Bubbles and crashes are consistent with nonrational risk aversion, but not with rational assessments of risk. Still, people are hyper risk sensitive and often resort to bailout first and analyze later. “Thus, it is the instinct of each herd member to flee from danger that supplies the force behind the stampede,” writes Professor Macfie, even though that force maybe be a mere suggestion.
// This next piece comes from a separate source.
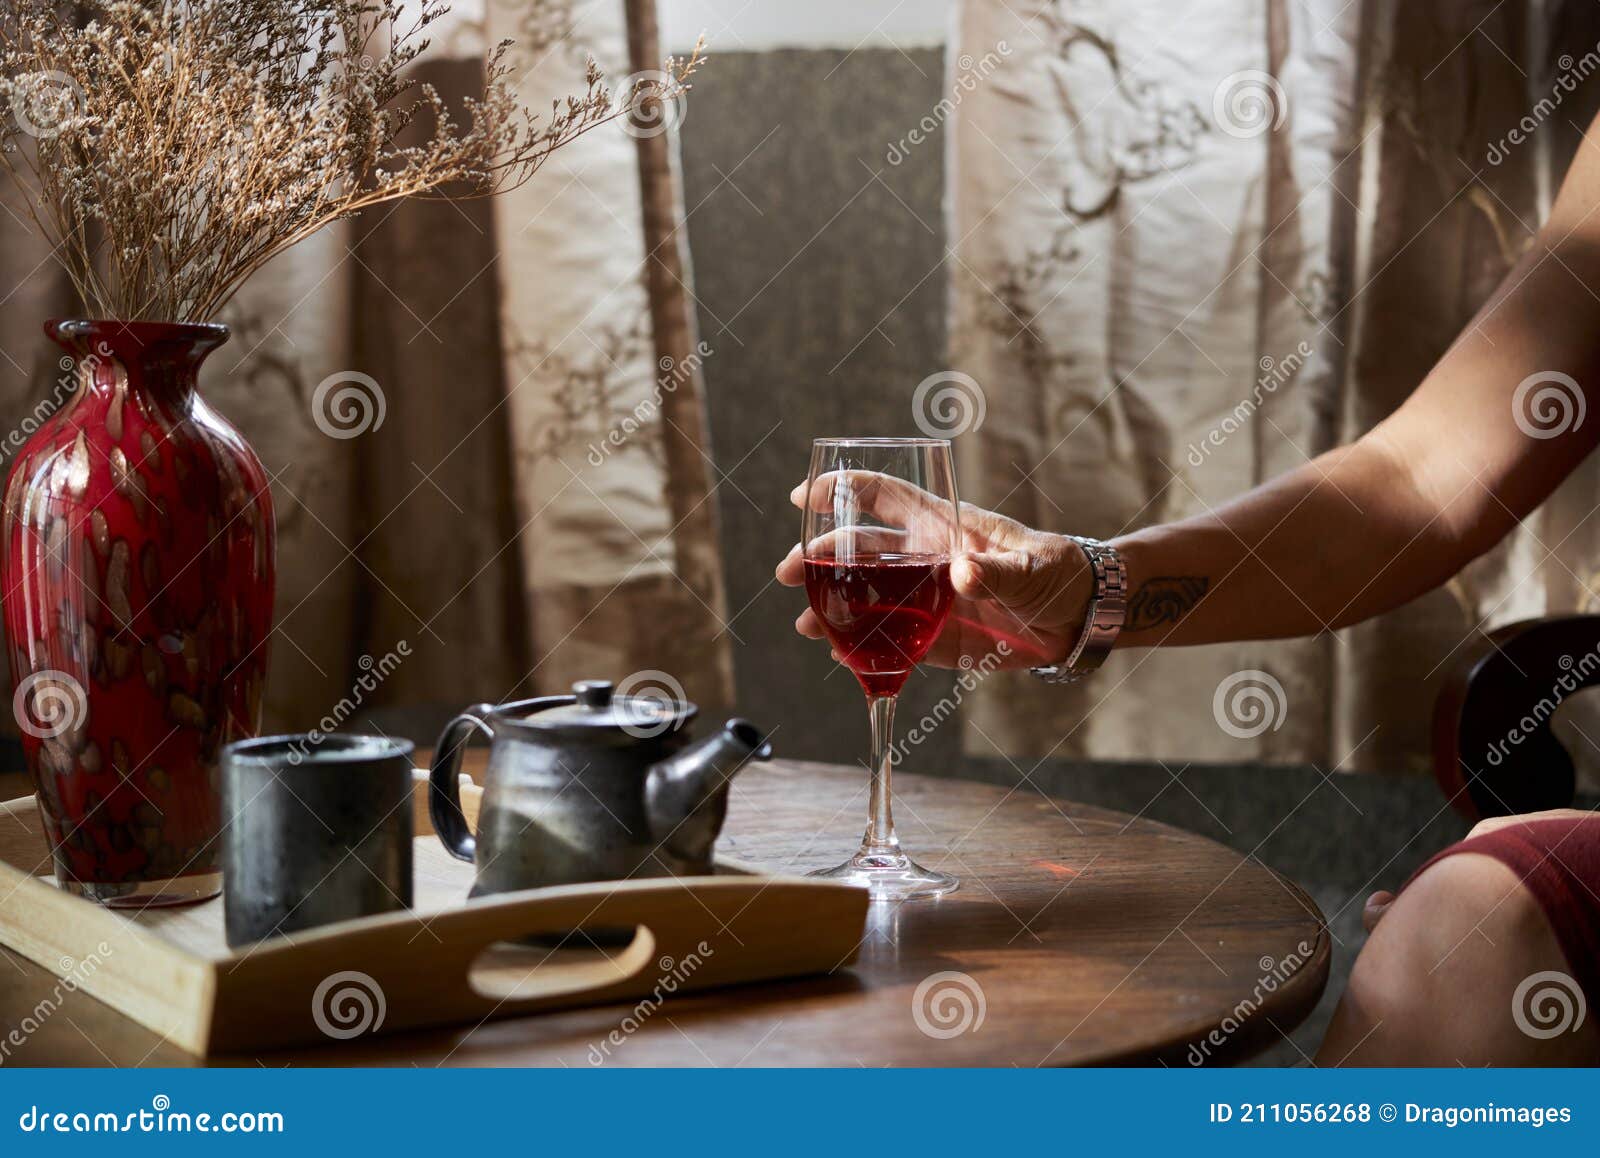 紫色的女人在清澈的酒杯上喝酒-千叶网

And while an individual will achieve prosperity acting in the economic sphere, that same person will chase booms and busts in finance. Why? According to Prechter, speaking at The 2013 Socionomics Summit in Atlanta, these decisions are made with two completely different parts of the brain. We use the rational part of our brain, the neocortex, to make economic decisions and maximize utility. However, investment decisions are made in the limbic system, that is driven by emotion, making us follow the herd.
Does any of this make sense from an evolutionary standpoint? Actually, yes, according to Prechter, “Prosperity keeps humans alive in the short run. Setbacks keep the species alive in the long run.”
The pummeling of gold was certainly a setback for those who are betting against the central bank controlled new world order. But one should realize that central bankers are no more than academic theoreticians lucky enough to get a government job. Their views of how the how the economy and markets work have no basis in reality.
Yes, the gold herd was spooked a few days ago. But the yellow metal has been around a lot longer than Ph.D. economists and will prove more durable in the end.